Un tel homme et de tels discours produisirent sur Godwin une impression prodigieuse. Bien qu'il fût grand disputeur et qu'il eût étudié les auteurs les plus opposés, Godwin n'avait encore aucun sens critique. Il ne pouvait manquer d'être subjugué par l'intrépide audace d'un jeune homme qui attaquait avec vigueur les idées reçues. Aussi trouvait-il à Fawcet du génie. D'ailleurs, ces invectives contre les affections de famille rencontraient un écho naturel en Godwin, élevé hors de chez lui, traité durement par son père, dont il n'était pas l'enfant préféré, et surtout doué d'une âme étrangère aux tendresses du cœur.

L'influence de Joseph Fawcet commença donc d'incliner l'esprit de Godwin à ces idées nouvelles, auxquelles l'action de Frédéric Norman, puis de la Révolution française achevèrent de le porter.

C'est en 1781, à Stowmarket, que Godwin connut Norman.

Frédéric Norman était un admirateur et un disciple des philosophes français. Il prêta leurs ouvrages à Godwin, qui lut ainsi Rousseau, Helvétius, Mably, pour ne citer que les plus notoires. L'effet de ces lectures fut décisif : Godwin perdit toute sa foi dans le christianisme. Il adopta un vague déisme à la manière de Voltaire. Et, dès lors, ne pouvant décemment porter un costume et un titre auxquels il ne croyait plus, il profita d'une querelle avec ses paroissiens pour abandonner ses fonctions de ministre, et décida d'aborder la vie littéraire.

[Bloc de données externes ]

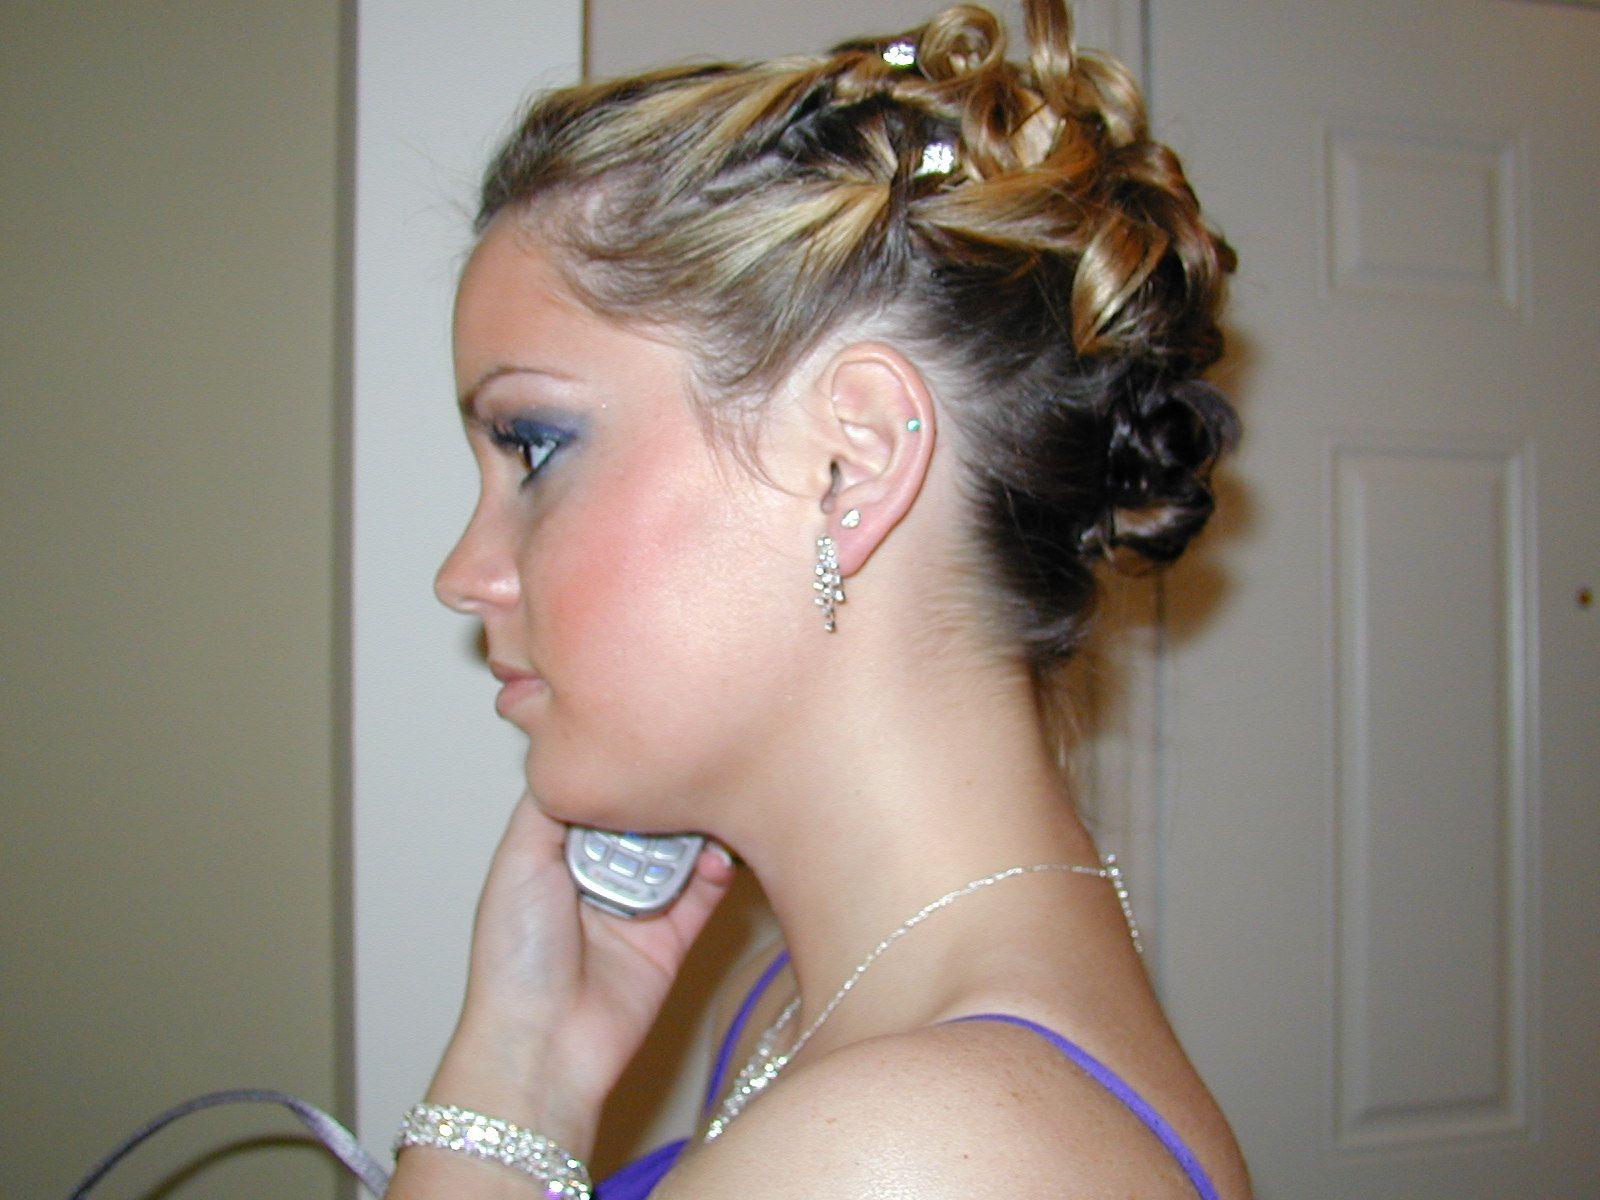 Prom Hairstyles For Medium Hair Medium Hairstyles Pinterest - Bun hairstyle games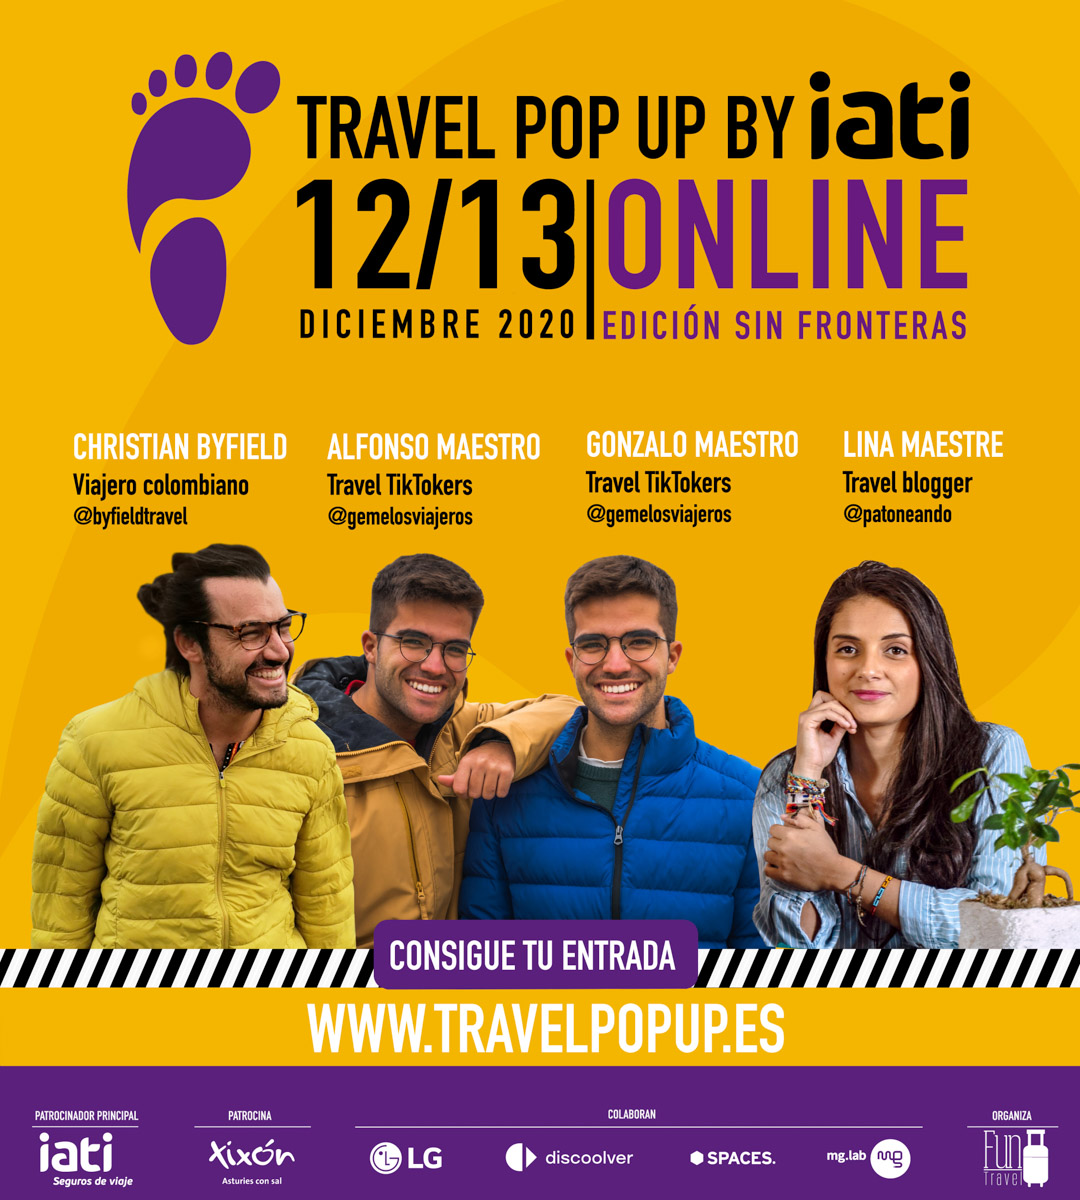 Travel-PupUp-Es-Lina-Maestre-Patoneando.jpg

Dans cette aventure de Godwin, passant du calvinisme exalté au simple déisme, il ne faut point voir, à proprement parler, une conversion. Il n'y a là qu'une évolution toute logique. Le protestantisme est une religion du cerveau, beaucoup plus que du cœur. Les réformés ignorent la foi aveugle; il faut toujours que leur intelligence soit satisfaite. Et la permission donnée à chaque fidèle de construire sa croyance, d'après ses vues personnelles, fortifie la tendance à rendre le protestantisme une religion purement

rationnelle. N'est-ce point, d'ailleurs, pour obéir aux exigences de la raison, ennemie des miracles, que les réformés nient la présence réelle dans l'eucharistie et ne voient dans les sacrements que des symboles!

Or, au dix-huitième siècle, nombre de dissidents anglais, animés d'un rationalisme chaque jour plus sévère, s'étaient efforcés d'éliminer du dogme tout ce qu'il contenait de surnaturel. Ressuscitant les hérésies d'Arius et de Socin, ils rejetaient, comme inexplicable à l'intelligence pure, le dogme de la Trinité et de la consubstantialité du Verbe avec le Père. Ainsi faisaient les Presbytériens et les Indépendants, et en particulier le docteur Priestley, philosophe politique, pasteur et grand chimiste, dont les disciples, autour de 1770, formaient la secte des Unitaires.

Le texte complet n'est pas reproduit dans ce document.